The green eyes that captured hers were stark but steady, his hand warm as he enveloped her clenched fist. ‘Relax, Rose. It’s just me.’
Her short burst of laughter contained no mirth. ‘And that’s exactly why I can’t relax. We’ve never had the kind of relationship where we relax around each other.’
‘Point taken.’ He gazed at her a long moment before raising his wine glass with a wry smile. ‘To being able to relax in each other’s company.’
She didn’t think she was imagining his accent had become more pronounced as the meal had gone on. Usually, it was barely detectable.
The undercurrent was pulling and tugging at them both.
Slipping her hand away from his, she lifted her glass of untouched wine. ‘To getting through the summer without wanting to kill each other.’
His eyes glittered, amusement and something less definable. He took a drink. ‘We have made it this far. I will take that as a win.’
‘Always best to take your victories where you can.’
‘Undoubtedly… Are you going to eat any more?’
She glanced at her mostly full plate and shook her head.
‘Would you like dessert? Coffee?’
Another wordless refusal.
After a beat, he gave a sharp, decisive nod and pushed his chair back. ‘In that case, I shall go up to bed.’

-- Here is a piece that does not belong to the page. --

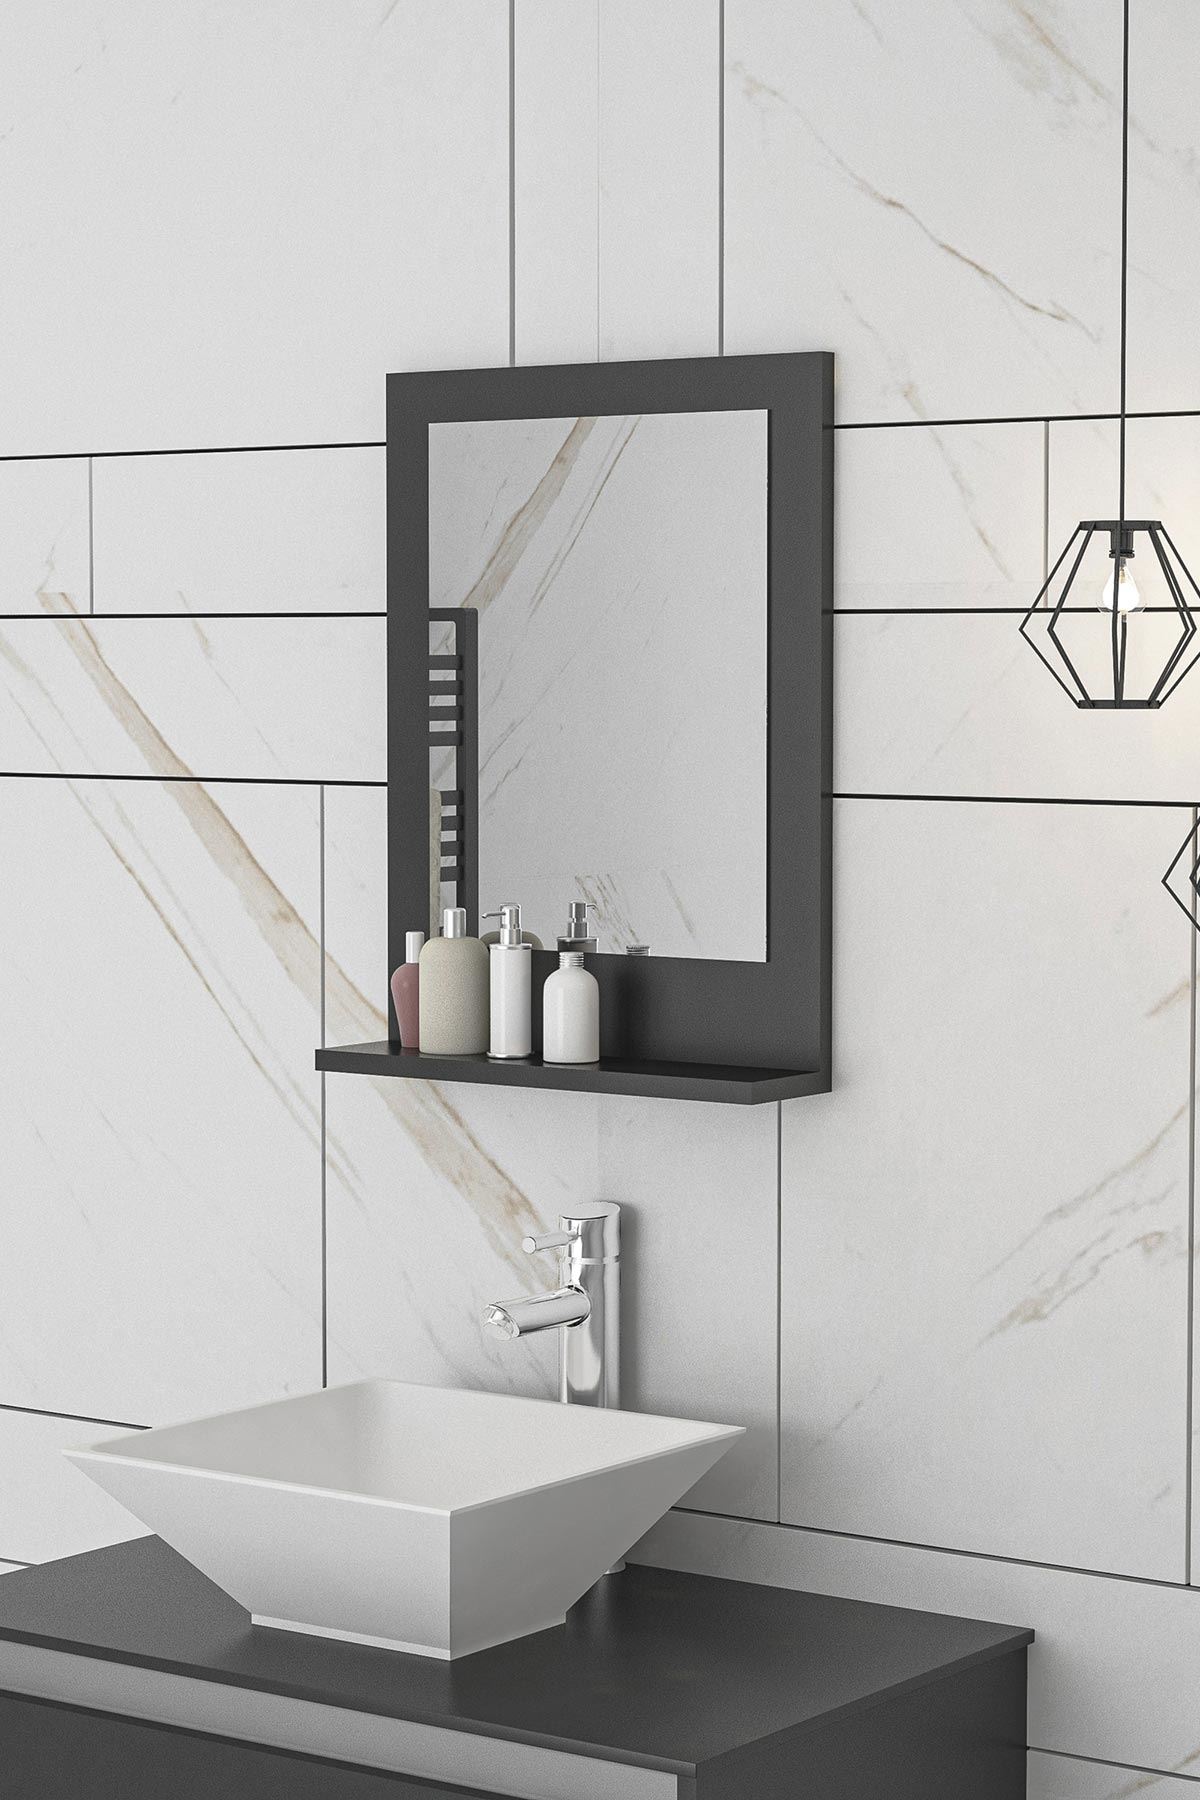 Bofigo 45x60 Cm Verona Banyo Rafı Lavabo Rafı Aynalı Raf Banyo Aynası Antrasit

Her stomach crashed to her feet, her heart, which had been incapable of beating a normal rhythm the whole day, flipping over on itself.
On his feet, he extended an open hand to her and, his voice even, said, ‘Are you going to come up too?’
His meaning was clear. The meaning ringing in his eyes was clear.
The thrashing of her heart and the longing in her veins were even clearer.
Rose picked up her glass of wine and drank the contents in two giant swallows. And then she pushed her own chair back.